The washroom is prepped with luxurious toiletries and two closets, where all our clothes are already unpacked and steamed for us, all ready to go.
The luxurious bathroom not only has a gorgeous marble vanity, and shower, but there is a further enclosed outdoor shower, which is something I could only dream of.
The whole thing is something out of fairy tale, with high ceilings with wood beams, everything open and spacious and authentic to Fiji.
I can't imagine anything more beautiful, especially the king size bed, in front of the sunken living room in the center of everything.
With a happy sigh, I sink back into the plush mattress and mound of pillows, tired but ready to start the day despite the jet lag.
Corban hates air conditioning, just like I do.
In New York, during the hot summers it's necessary, but here in the tropical climate we can leave the fans running, and the temperature is perfect.
Corban's drops his carry on, ripping his shirt over his head before collapsing on the bed for a few moments before he begins snoring.
Bore.
However, his gorgeously sculpted back is something I can tell he works hard at.
Every single muscle is relaxed, but it makes me want to touch him, I want to run my fingers over every muscle, I want to see how they move.

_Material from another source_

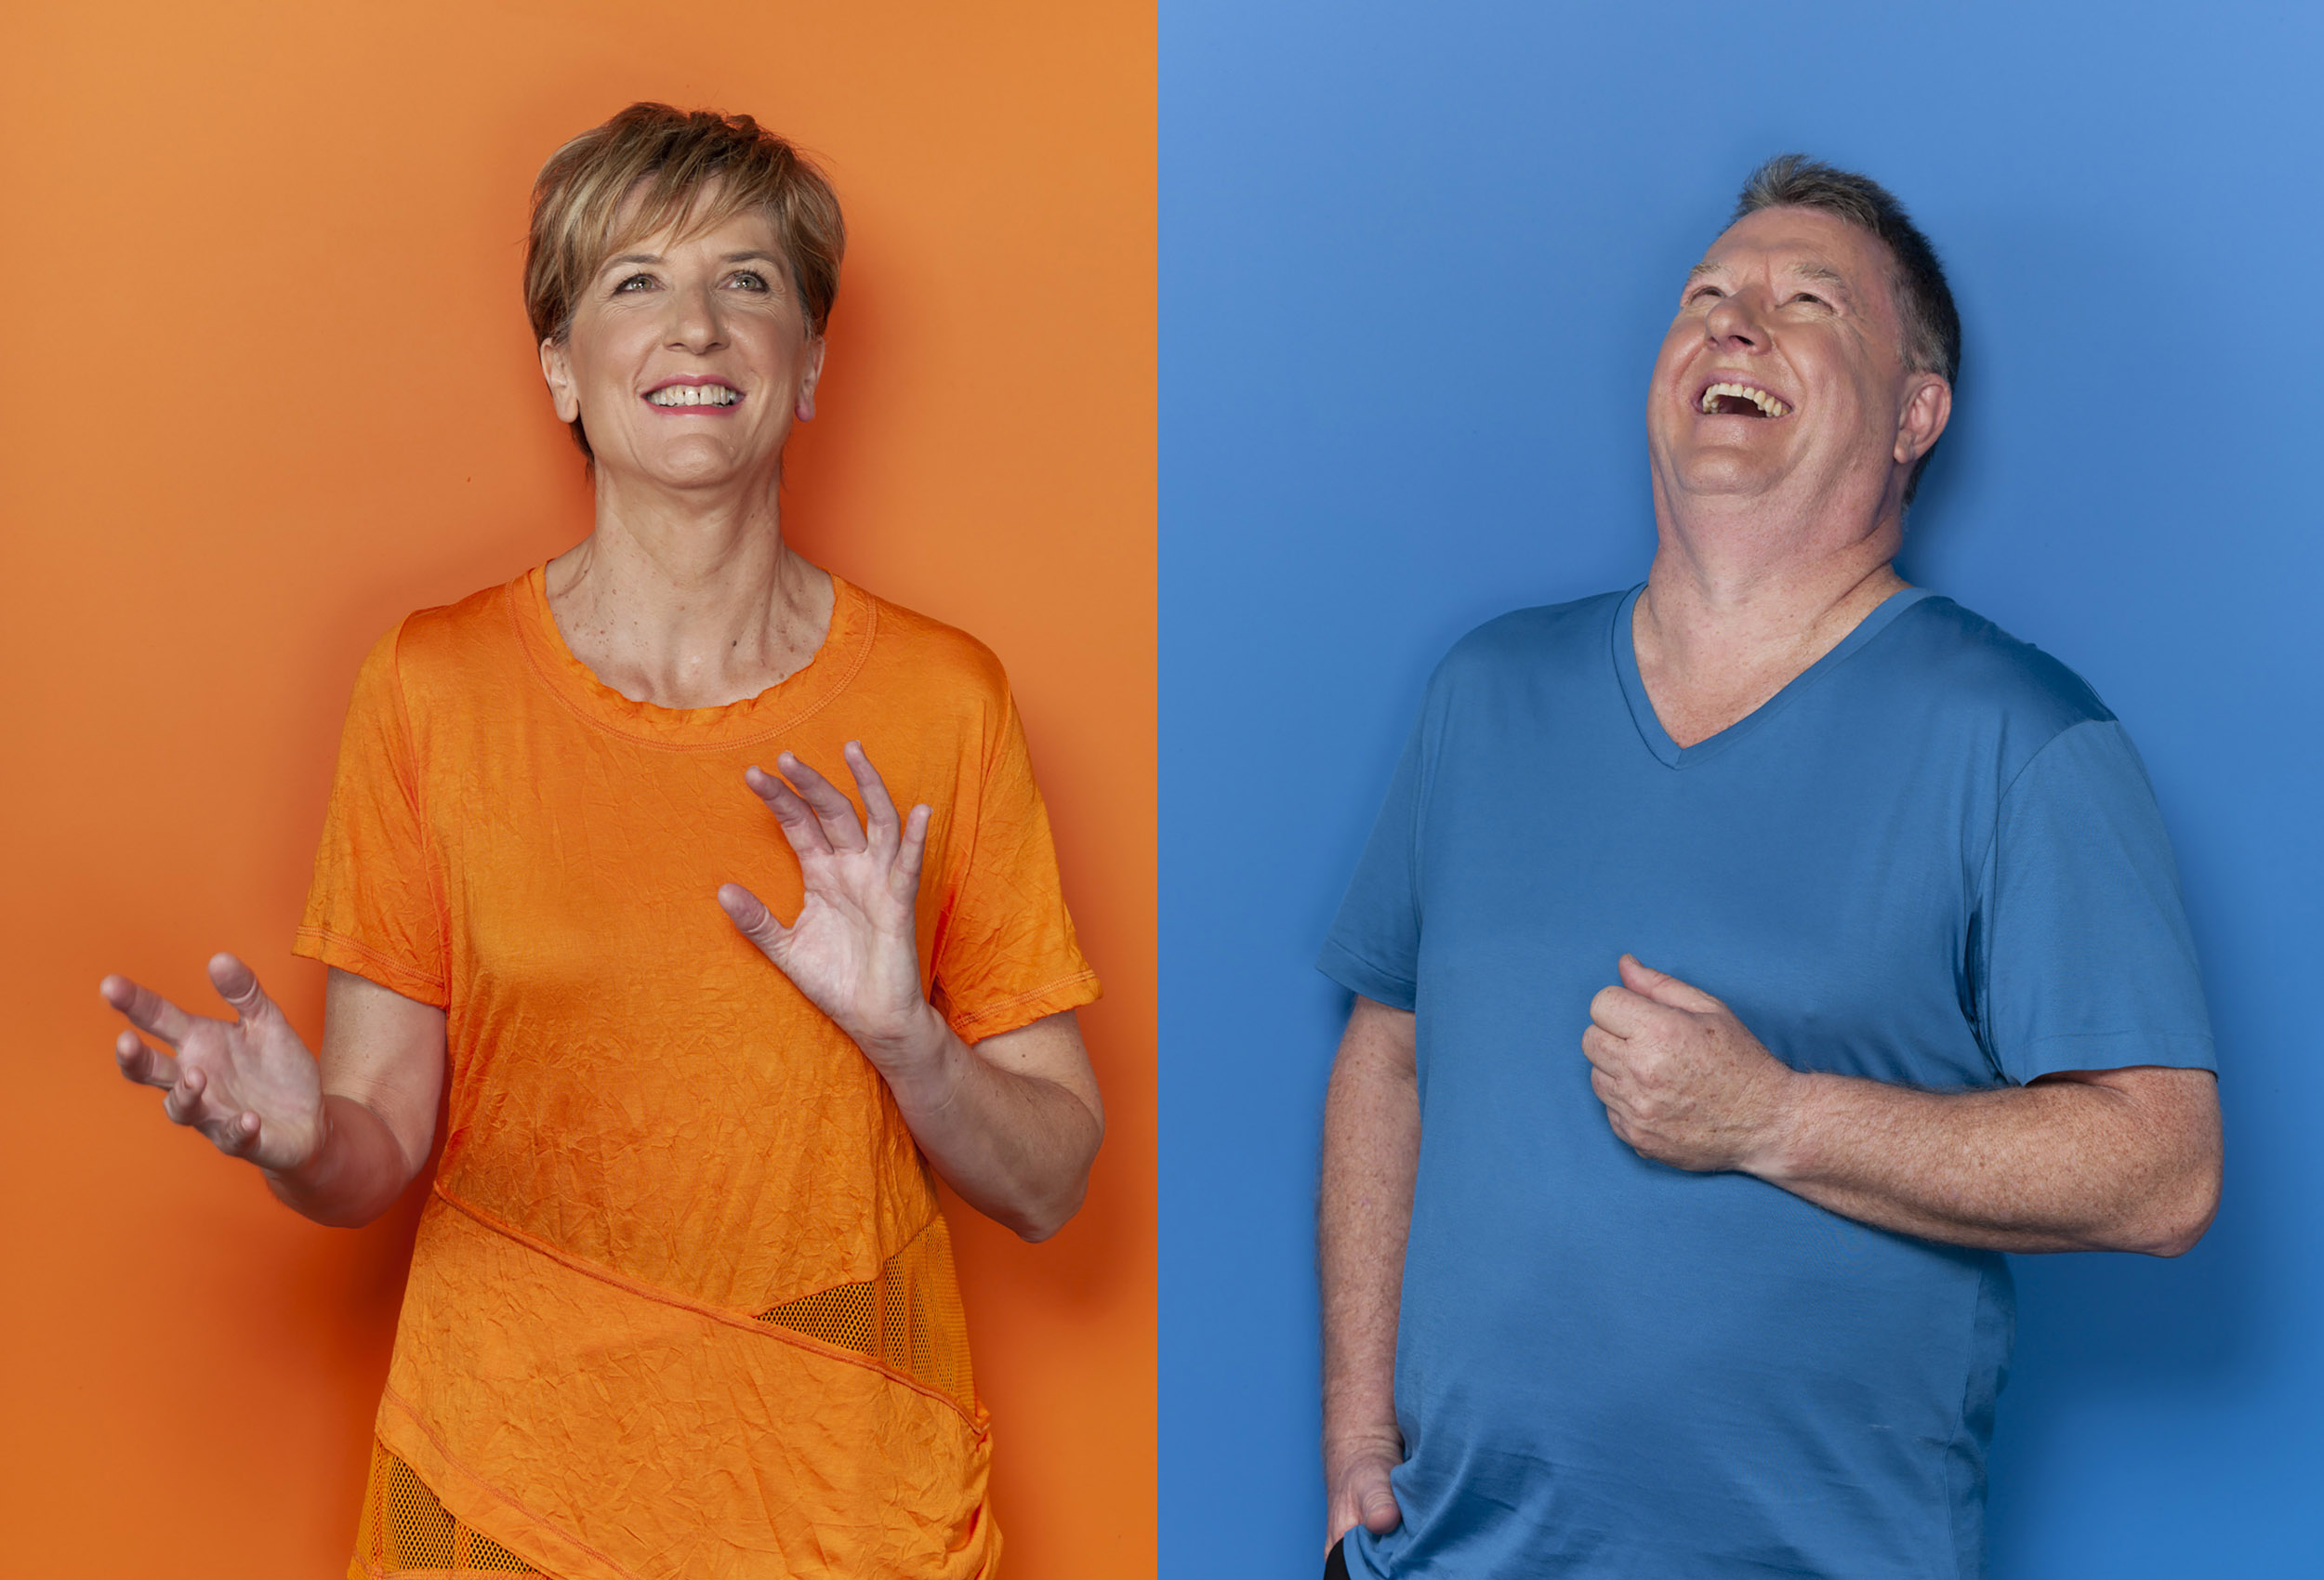 Paul Scott, people, woman on orange and man on blue backgrounds.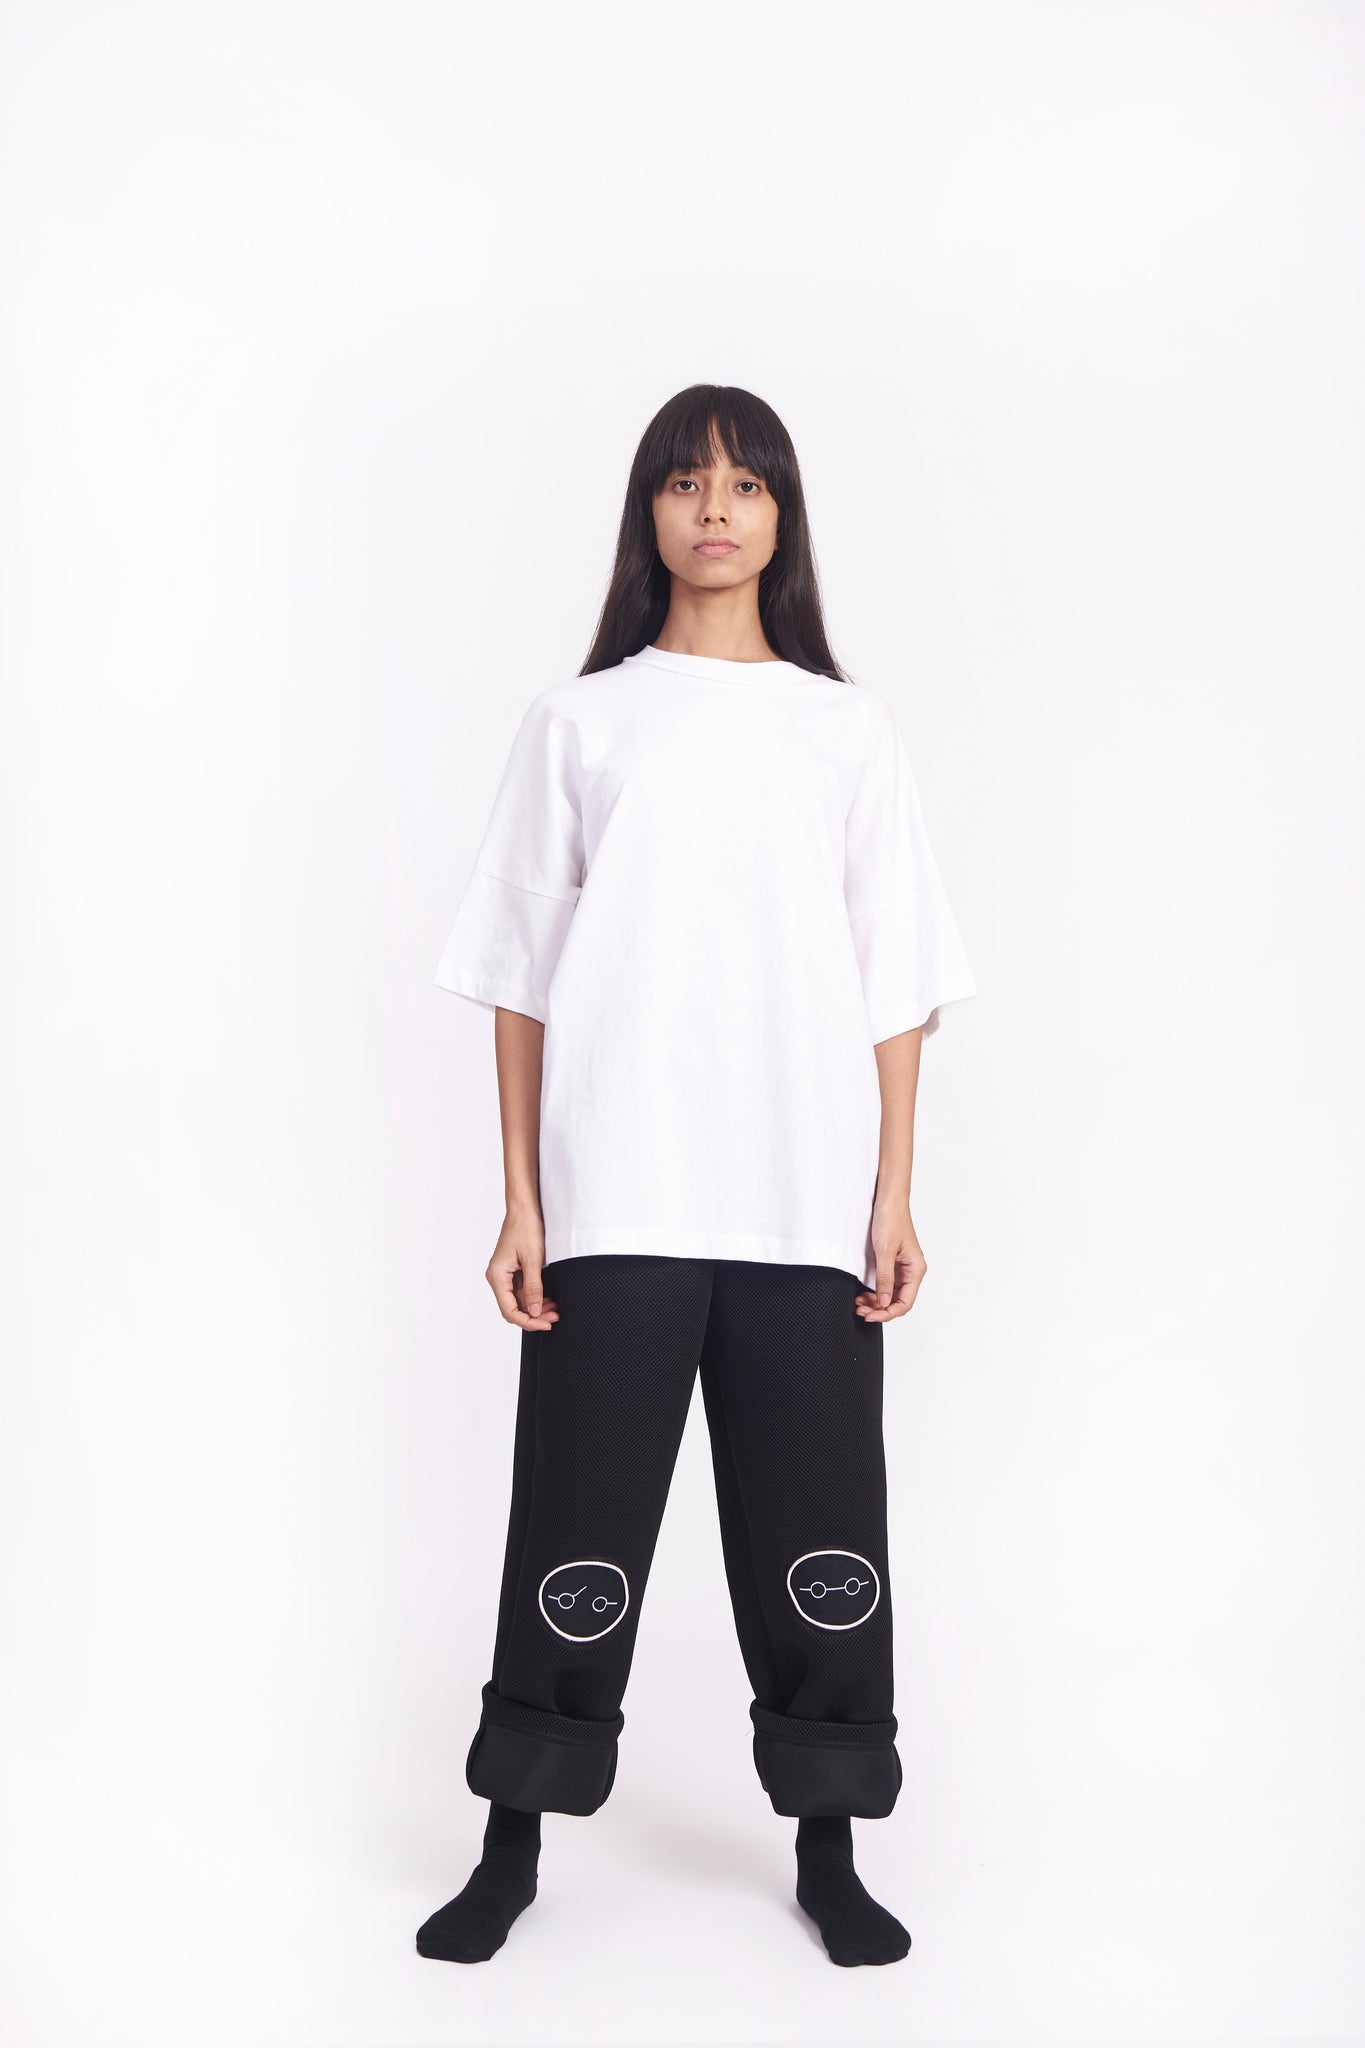 The Air mesh pant features a front zipper, asymmetrical embroidered patches on the front, contrast off-white piping and side pockets.

He looks more amazing with a shirt off, and I recall the way his six-pack, not overly defined but perfectly hard, blends with the V-shape leading down his torso, only further hidden by the way his boxers were low slung on his hips.
The man made me want to lick him for god sakes.
And then I remember he refuses to call me Bexley, and I'm reminded that this is work, and my perfect mood sours.
I need to escape him before he can change my mind about being in a terrible mood, and that's the truth.
I will not let him ruin Ava; I tell myself quietly as I sneak out of bed.
The first thing to do is wash over twenty-four hours of recirculated plane air off me but the outdoor shower is so tempting that I abandon my clothes on the floor of the washroom, turning the water on warm and just enjoying the lush surroundings as I wash the fine sheen of sweat off my body as I soap my body down and rinse my hair.